╭─ DATASET EXTRACT

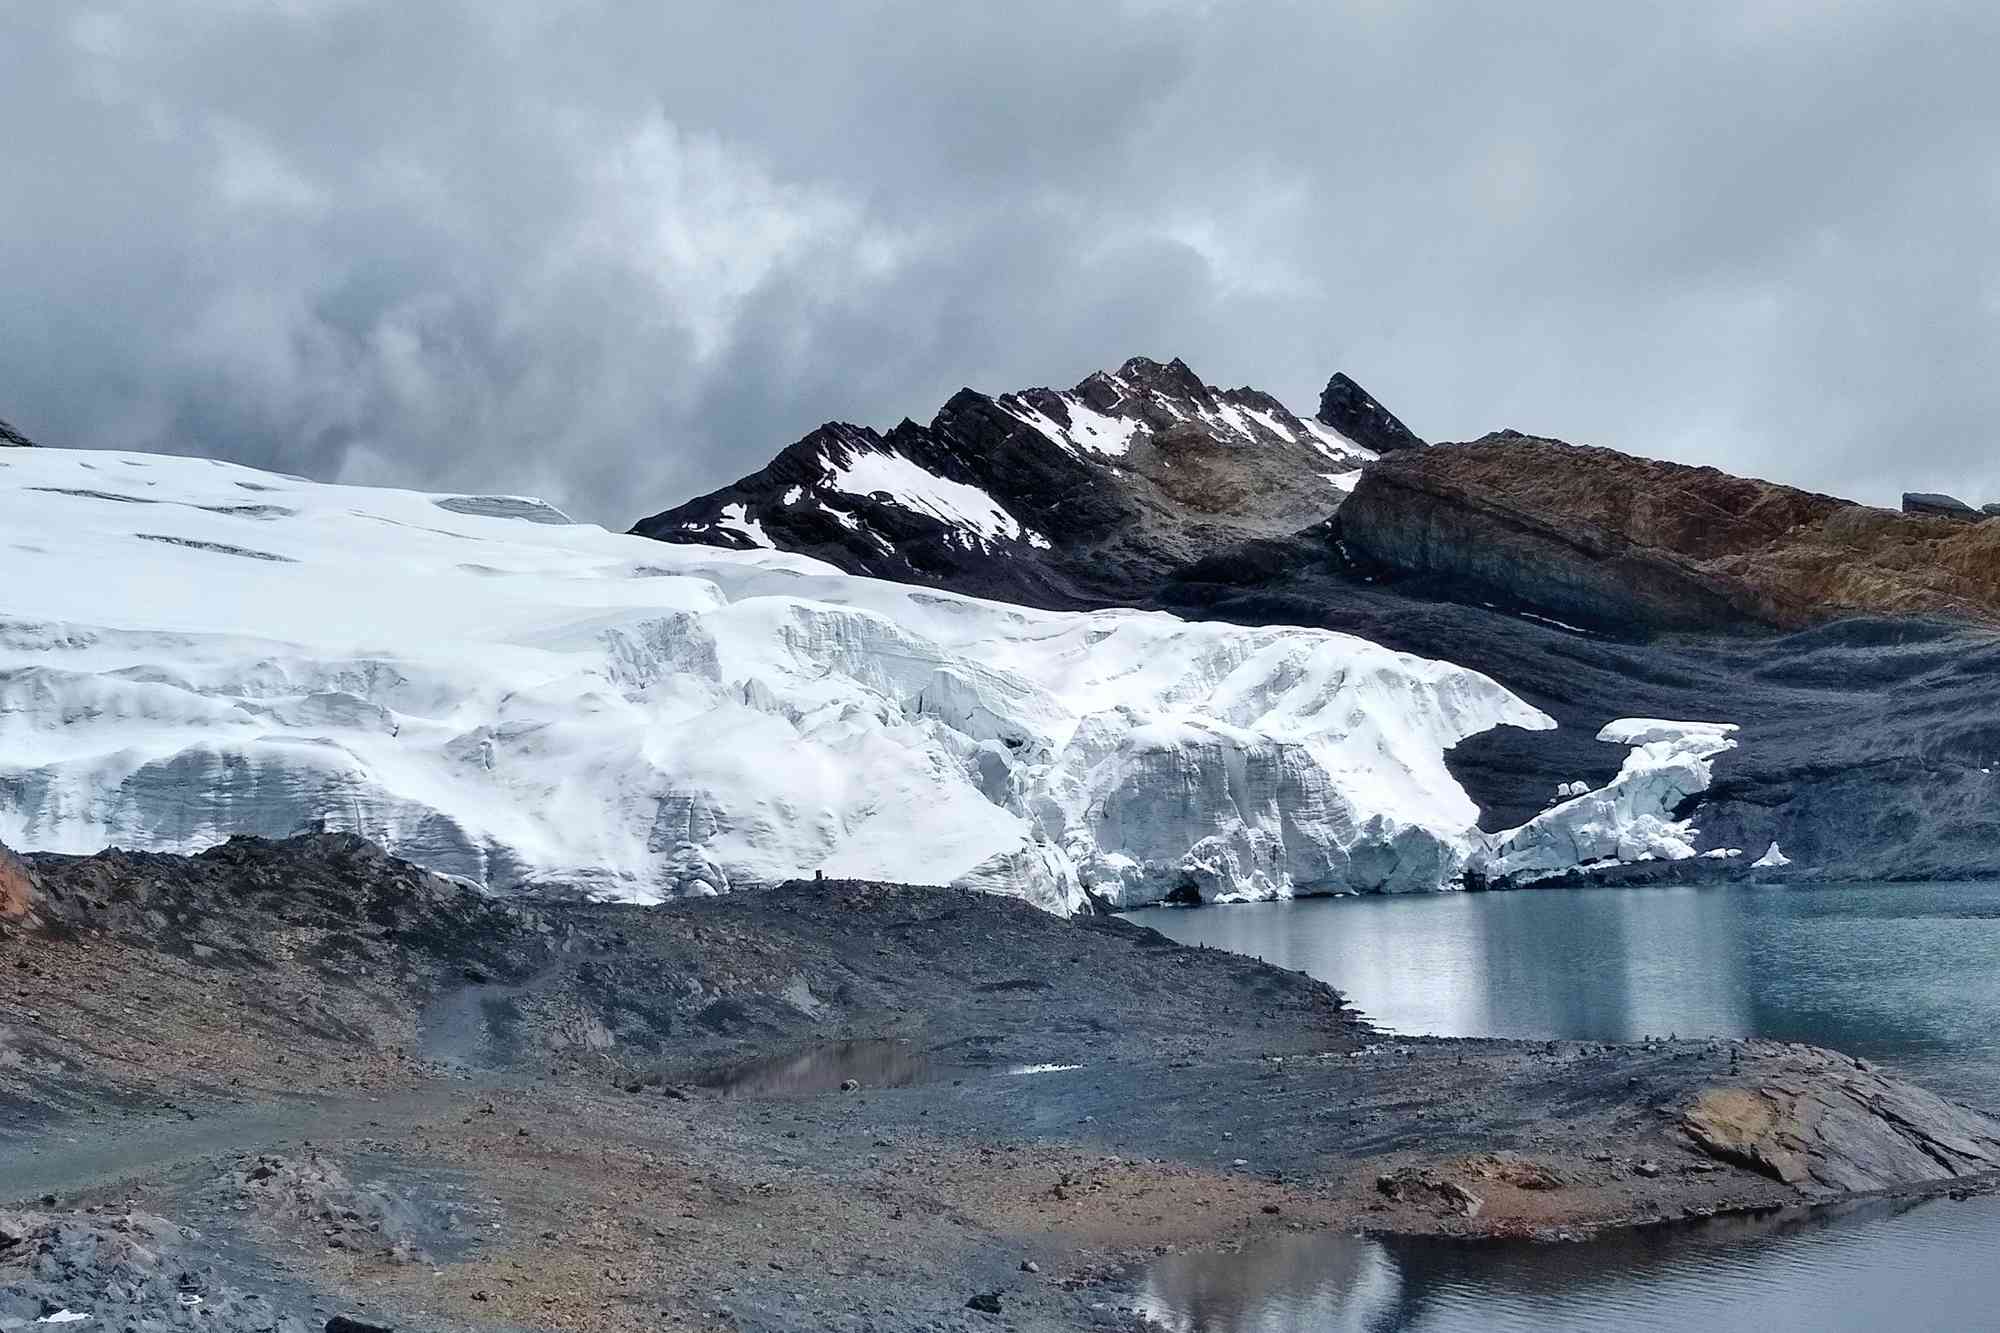 El famoso glaciar Pastoruri de Perú bordeando una bahía
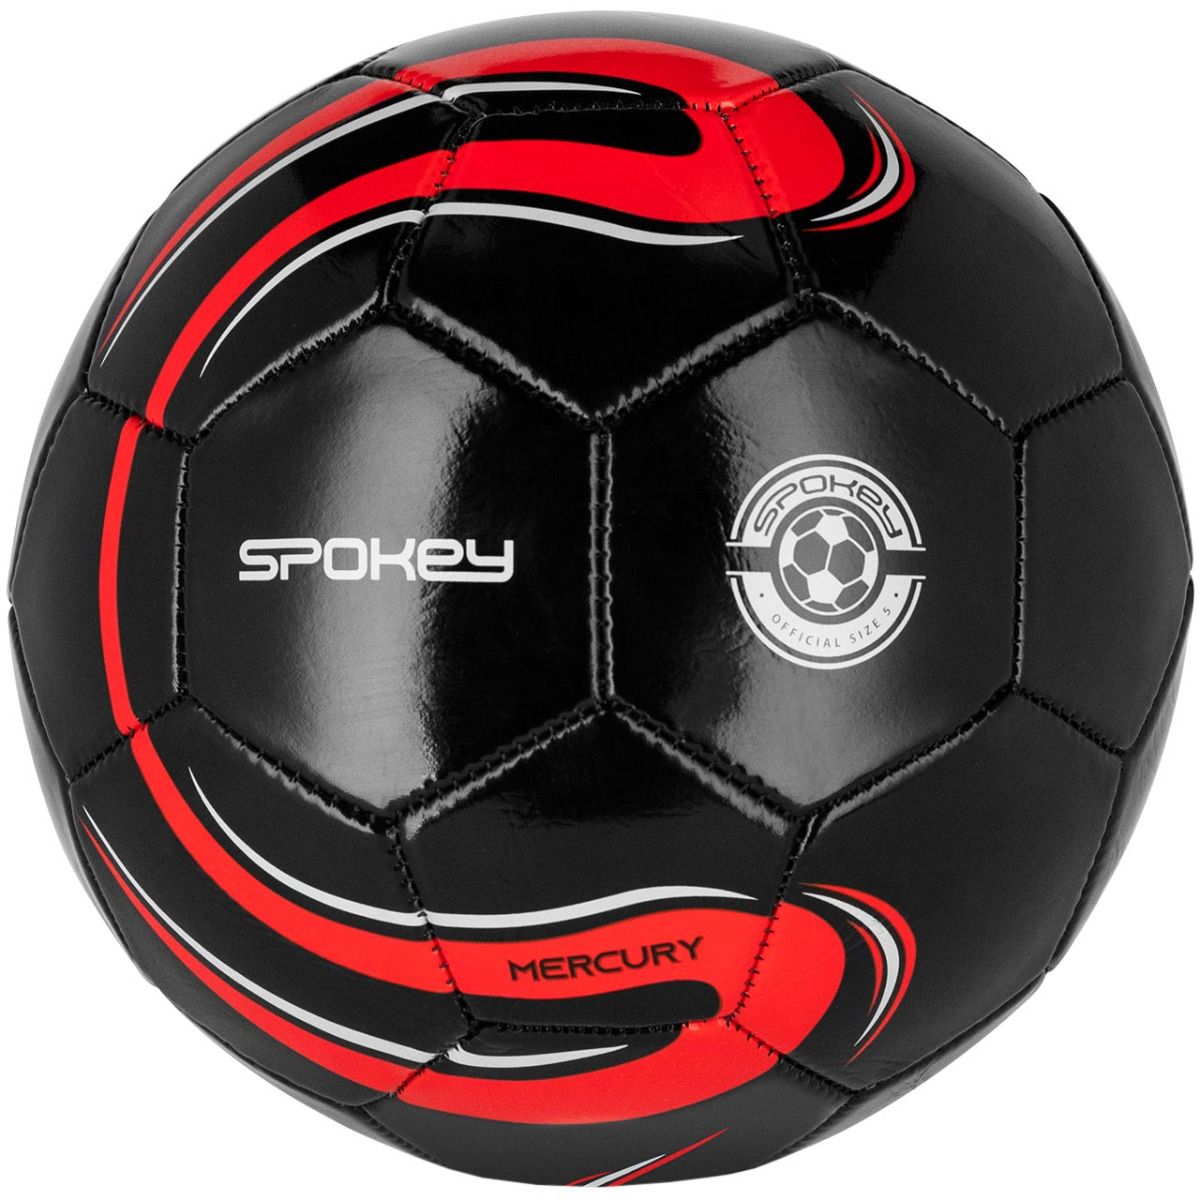 Spokey Fotbalový míč Mercury 942600
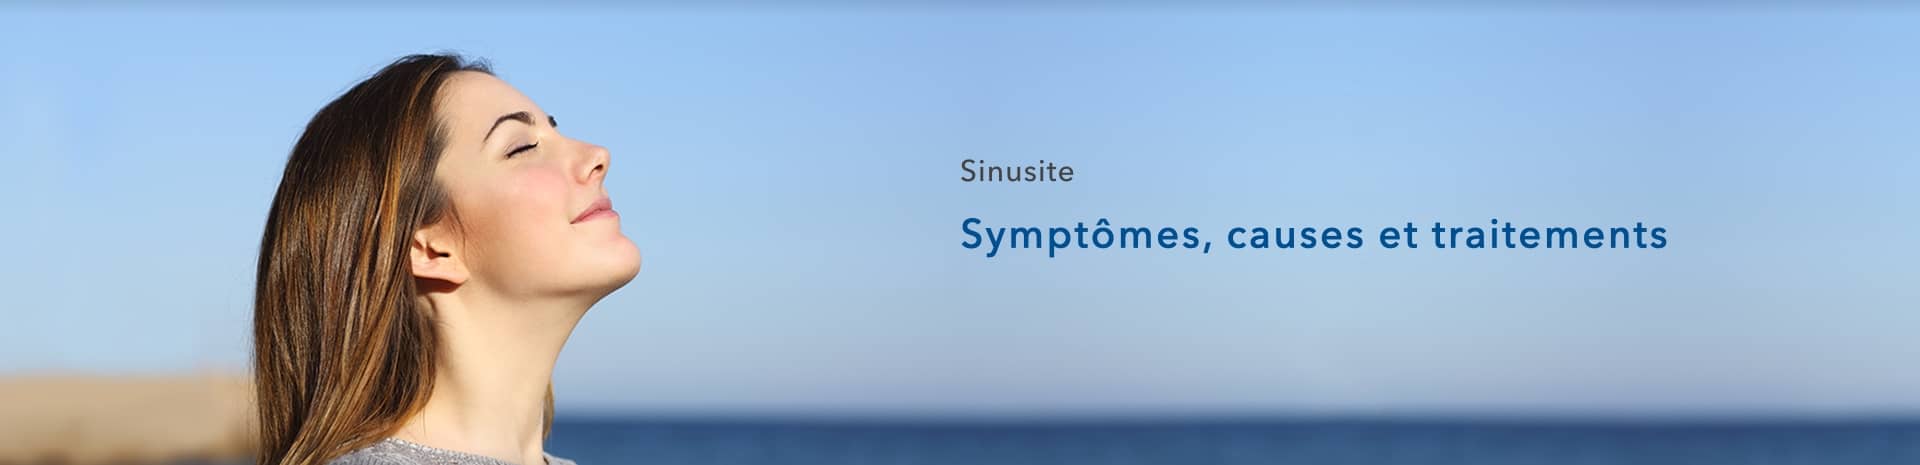 Sinusite Guide

╰─

● YOUR ASSIGNMENT:
Would you copy out all the data exactly, without the images?

● WORKED SOLUTION:
 El famoso glaciar Pastoruri de Perú bordeando una bahía
 Spokey Fotbalový míč Mercury 942600
 Sinusite Guide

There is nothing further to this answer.